Either way, i hope i did alright.
‘The Judas Kiss’ is my favorite song on Death Magnetic, the follow-up release to the heavily polarizing (and heavily adored by me) St. Anger. The original/demo version (entitled ‘Gymbag’) was a bit slower, had some additional riffs, and a whole different set of lyrics, the best of them being ‘On your feet, or on your knees/Freedom is just one of these’. That definitely would have fit, but not as much as the finalized more powerful and menacing ‘Judas lives, recite this vow/I’ve become your new god now!’
There’s more than a few biblical references throughout Metallica’s catalog, just as there are veiled (and not-so-veiled) references to addiction. Generally, this song seems to have the (other) running theme of humans generally having the capacity in them to do evil things. Like Judas Iscariot (in the bible), despite being one of the 12 disciples, he was also faced with temptation. With that, he ratted Jesus out. You aim to do good in the world, and everything goes wrong. So what do you do? Your halo turns to fire.
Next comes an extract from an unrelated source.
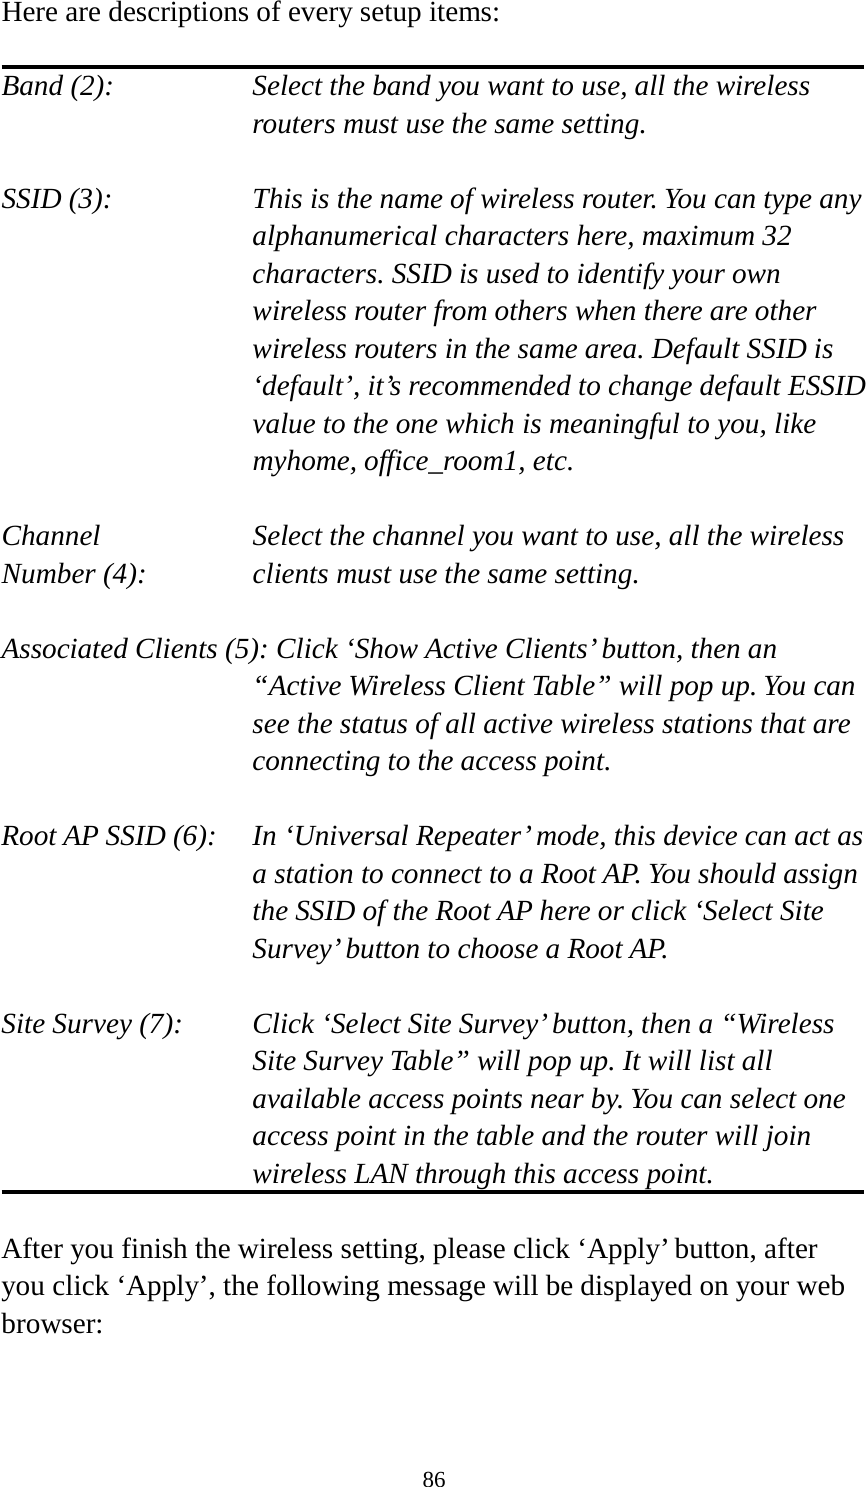 86 Here are descriptions of every setup items:  Band (2):  Select the band you want to use, all the wireless routers must use the same setting.  SSID (3):  This is the name of wireless router. You can type any alphanumerical characters here, maximum 32 characters. SSID is used to identify your own wireless router from others when there are other wireless routers in the same area. Default SSID is ‘default’, it’s recommended to change default ESSID value to the one which is meaningful to you, like myhome, office_room1, etc.  Channel Select the channel you want to use, all the wireless Number (4):  clients must use the same setting.  Associated Clients (5): Click ‘Show Active Clients’ button, then an “Active Wireless Client Table” will pop up. You can see the status of all active wireless stations that are connecting to the access point.  Root AP SSID (6):  In ‘Universal Repeater’ mode, this device can act as a station to connect to a Root AP. You should assign the SSID of the Root AP here or click ‘Select Site Survey’ button to choose a Root AP.  Site Survey (7):  Click ‘Select Site Survey’ button, then a “Wireless Site Survey Table” will pop up. It will list all available access points near by. You can select one access point in the table and the router will join wireless LAN through this access point.  After you finish the wireless setting, please click ‘Apply’ button, after you click ‘Apply’, the following message will be displayed on your web browser:

This song, the more i thought about it, made me think of the ending scene of the director’s cut of one of my favorite movies of all time, the 1986 version of Little Shop Of Horrors. Aside from the stark anticonsumerist message (which is why i love it), it’s visually stunning. In line with the theme of the song, Seymour (the main character) aimed to do good as well. He longed to save his romantic interest from an abusive relationship. He wanted the shop he worked at to stay afloat… but he made a deal in which the consequences not only changed his life, but every single person around him, both locally and remotely. It was a deal he could never escape.
So i did the Dark Side Of The Moon/Wizard Of Oz move, and did an experiment to see if things would work out.
And it fit perfectly.
Little Shop actually has another connection for me: When i just got out of the hospital, my cousin was my primary caretaker. She fed me, cleaned the commode, washed my clothes, and helped to change the dressings on my leg, when my legs still had major open wounds. Our life’s perspectives and ideologies were vastly different. However, one of the things we shared was our common love of Little Shop Of Horrors. She would come in, and we’d sing the songs, and recite the lines together. i will always cherish those moments.
i am posting two versions here: the one of me playing the song in full (where for some reason the camera decided to cut off towards the end), and the Little Shop version. i also recommend playing the scene to the actual song where Lars is playing.
i always love when the bass opens a Metallica song. It’s a good chance the song will be a head nodder. It’s just a groove.
Keeping up with today’s theme though (of biblical references and temptation and likely references to addiction), we’ve got ‘Devil’s Dance’ (from the other polarizing (and much adored by me)) album, ReLoad. As complicated as ‘Judas Kiss’ was for me, it was also nice to take a little break, and just chill.
i mean… who can hate this song? It’s got one of Hetfield’s best ever ‘YEAH’s in their whole catalog; The bass intros the song; it’s a perfect example of the drums communicating clearly with the rhythm guitar; the solo (as was common during this period) initially had minimal notes, then moved into those blues scales (which i always love), sounding both chaotic and smooth all at once.
One thing i do know: If you take a chance on this song, you WILL dance.